Affinage

FBXL20

F-box/LRR-repeat protein 20 · UniProt Q96IG2

Length
436 aa
Mass
48.4 kDa
Annotated
2026-06-09
13 papers in source corpus 6 papers cited in narrative 6 extracted findings
Cross-family judge vs UniProt: Affinage preferred faithfulness: 5/5 claims corpus-supported (100%)

Mechanistic narrative

Synthesis pass · prose summary of the discoveries below

FBXL20 is the substrate-recognition F-box subunit of an SCF (Skp1-Cullin1-F-box) E3 ubiquitin ligase that controls the abundance of diverse regulatory proteins by targeting them for polyubiquitination and proteasomal degradation, thereby linking the p53 pathway to autophagy, apoptosis, phosphatase signaling, and synaptic vesicle dynamics (PMID:25593308, PMID:34731788). In the DNA-damage response, p53 transcriptionally induces FBXL20, which then recognizes CDK-phosphorylated Vps34 (the class III PI3K catalytic subunit) and drives its degradation to suppress autophagy and receptor endocytosis (PMID:25593308). The same p53/FBXL20 axis destabilizes the PP2A regulatory subunit PR55α, restraining downstream c-Myc oncogenic signaling (PMID:34731788). FBXL20 also governs the apoptotic threshold by degrading the pro-apoptotic proteins PUMA and BAX, an activity stimulated by AKT1-mediated phosphorylation; loss of AKT1 activates GSK3α/β, which in turn promotes FBXL20's own degradation through the F-box protein FBXO31 (PMID:34587475). Additional substrates include the immune receptor 4-1BB/TNFRSF9, where FBXL20 ubiquitinates the mature N-glycosylated form at its intracellular domain (PMID:35112462), and the synaptic vesicle proteins VGLUT1 and VAMP1, whose FBXL20-driven turnover modulates glutamatergic neurotransmission in hippocampal neurons under chronic stress (PMID:38211741).

Mechanistic history

Synthesis pass · year-by-year structured walk · 6 steps
  1. 2015 High

    Established FBXL20 as a p53-inducible SCF substrate receptor that couples DNA damage to autophagy and endocytosis by destroying phospho-Vps34, defining its founding mechanistic role.

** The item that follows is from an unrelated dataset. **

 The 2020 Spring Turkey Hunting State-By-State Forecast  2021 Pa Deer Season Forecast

    Evidence Co-IP, ubiquitination assays, proteasome inhibitor rescue, siRNA, p53 reporter assays, and autophagy/endocytosis readouts in mammalian cells

    PMID:25593308

    Open questions at the time
    • Degron features beyond CDK-phosphorylated Vps34 not generalized
    • No structural model of the SCF-FBXL20-substrate complex
  2. 2021 High

    Showed FBXL20 sets the apoptotic threshold by degrading PUMA and BAX under AKT1 control, and is itself regulated by a GSK3/FBXO31 degradation loop, revealing reciprocal kinase governance of FBXL20 activity and stability.

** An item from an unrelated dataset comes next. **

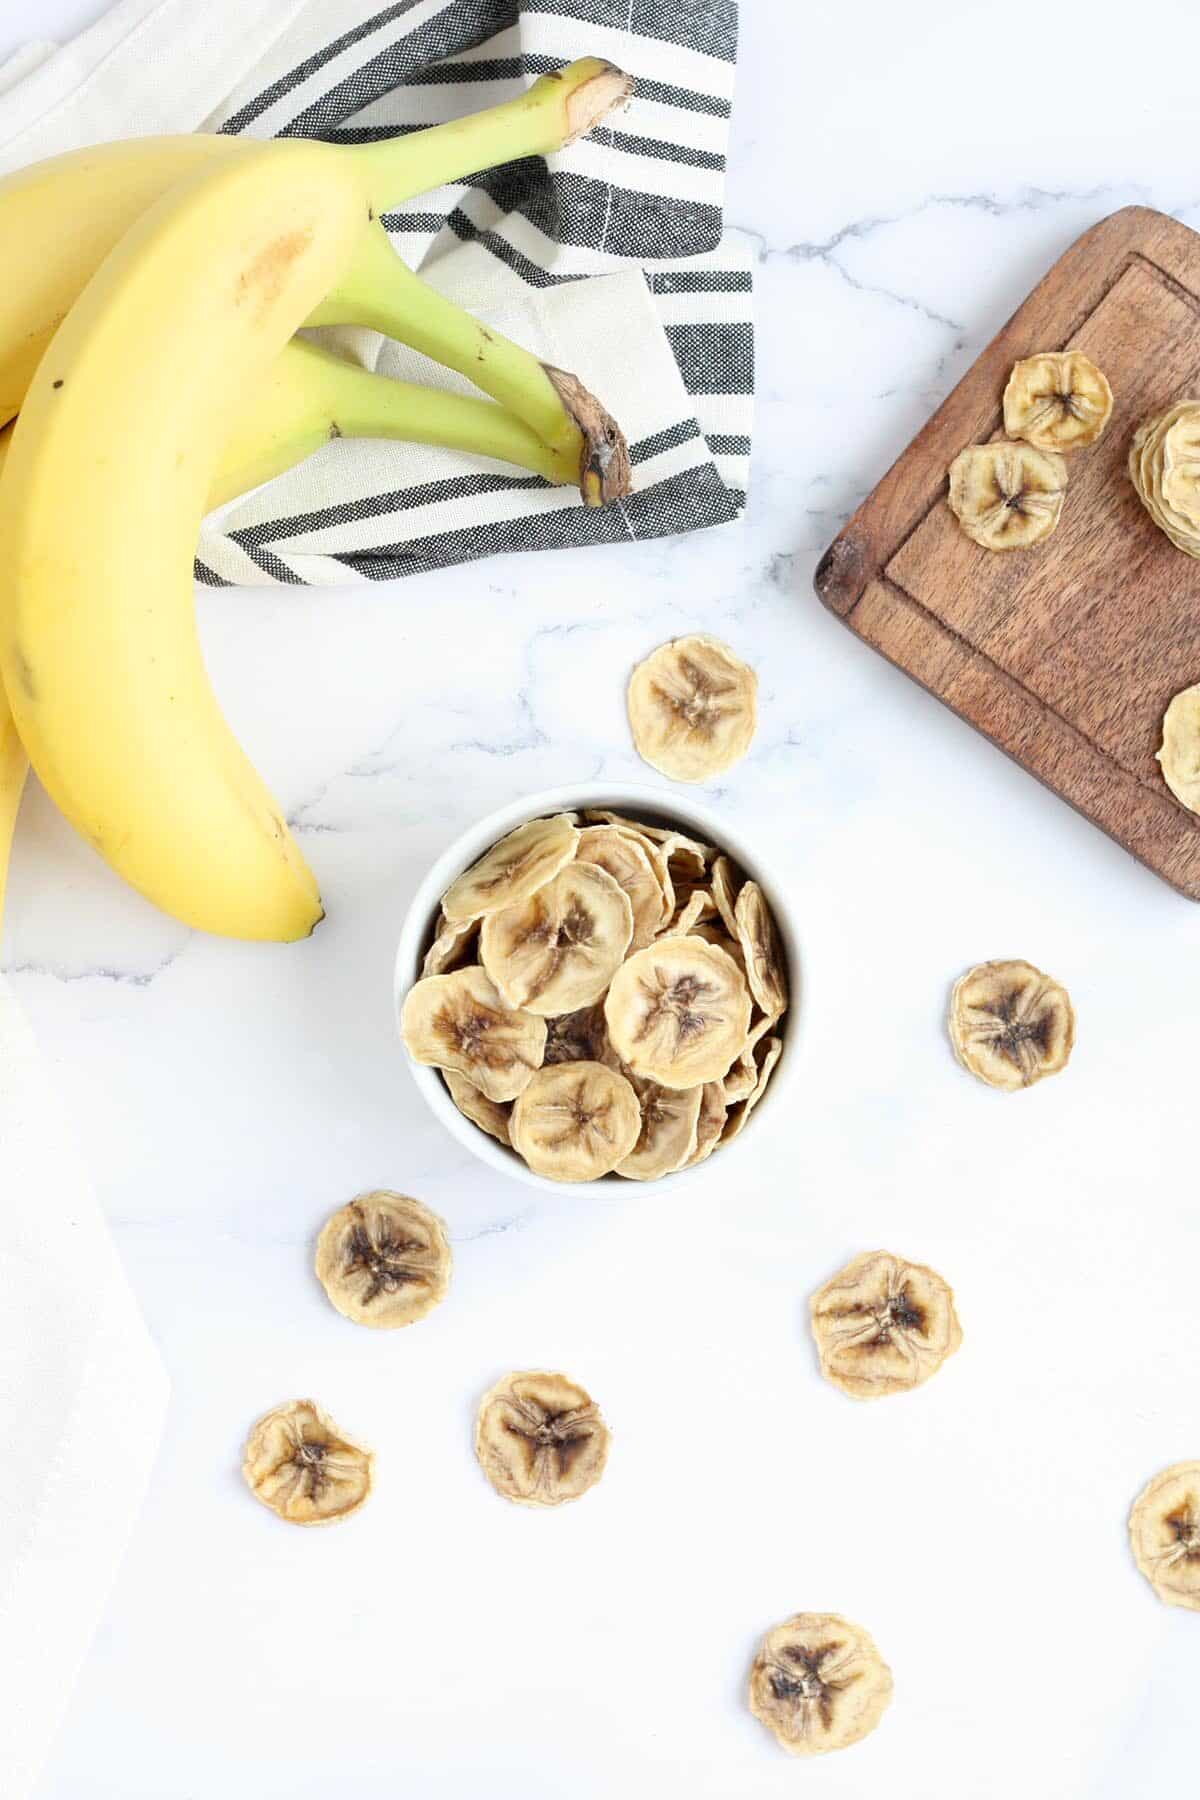 Top view of homemade banana chip on a marble surface, fresh bananas and wooden cutting board in the background

    Evidence Co-IP, ubiquitination assays, RNAi, kinase activity assays, apoptosis flow cytometry, and tumor growth assays

    PMID:34587475

    Open questions at the time
    • FBXL20 phosphosite(s) targeted by AKT1 not mapped
    • Mechanism by which GSK3 primes FBXL20 for FBXO31 recognition unresolved
  3. 2021 High

    Extended the p53/FBXL20 axis to phosphatase signaling by identifying PR55α as a substrate, linking FBXL20 to PP2A regulation and c-Myc-driven transformation.

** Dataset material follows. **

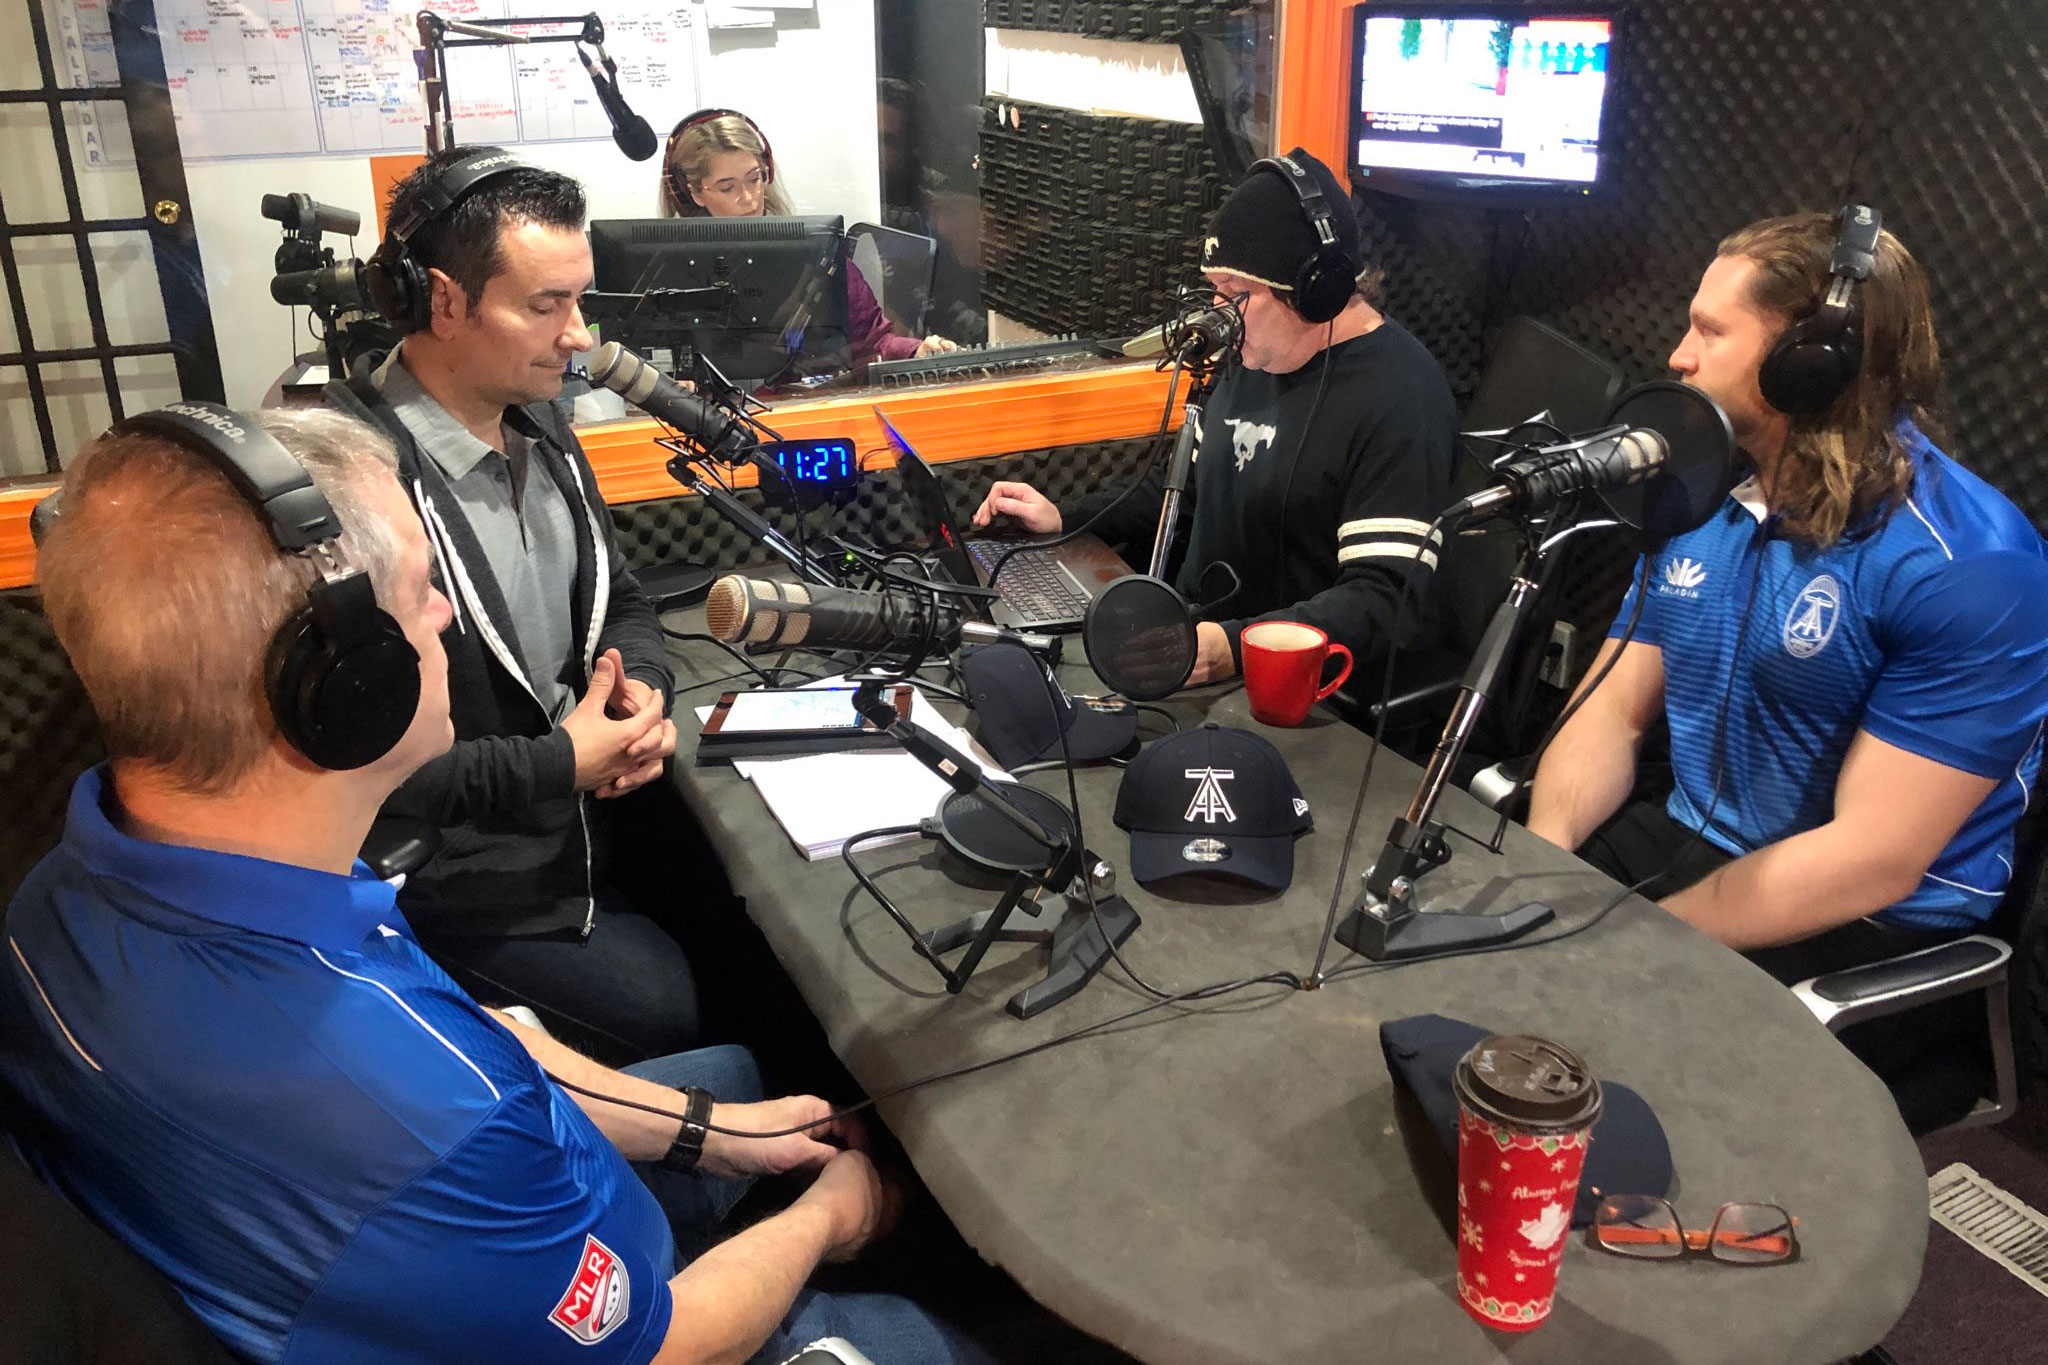 Toronto Arrows Team Up with Sauga 960 AM’s The Raw Mike Richards Show to Deliver Weekly ‘Arrows Up!’ Segment

    Evidence siRNA, ubiquitination assays, protein stability Westerns, HPV-E6 p53 degradation and p53R175H mutant, anchorage-independent growth in cells

    PMID:34731788

    Open questions at the time
    • Degron on PR55α not defined
    • Direct contribution to PP2A complex remodeling not quantified
  4. 2022 Medium

    Identified the immune receptor 4-1BB as an FBXL20 substrate, indicating a role in receptor homeostasis through degradation of the mature glycosylated form.

    Evidence BioID screen, Co-IP, ubiquitination assays, proteasome inhibitor rescue, domain mapping

    PMID:35112462

    Open questions at the time
    • Physiological context of 4-1BB regulation by FBXL20 in immune cells not tested
    • Single lab, two orthogonal methods
  5. 2024 Medium

    Connected FBXL20 to synaptic function by showing it degrades VGLUT1 and VAMP1 in hippocampal neurons, with knockdown rescuing chronic-stress synaptic deficits and depression-like behavior.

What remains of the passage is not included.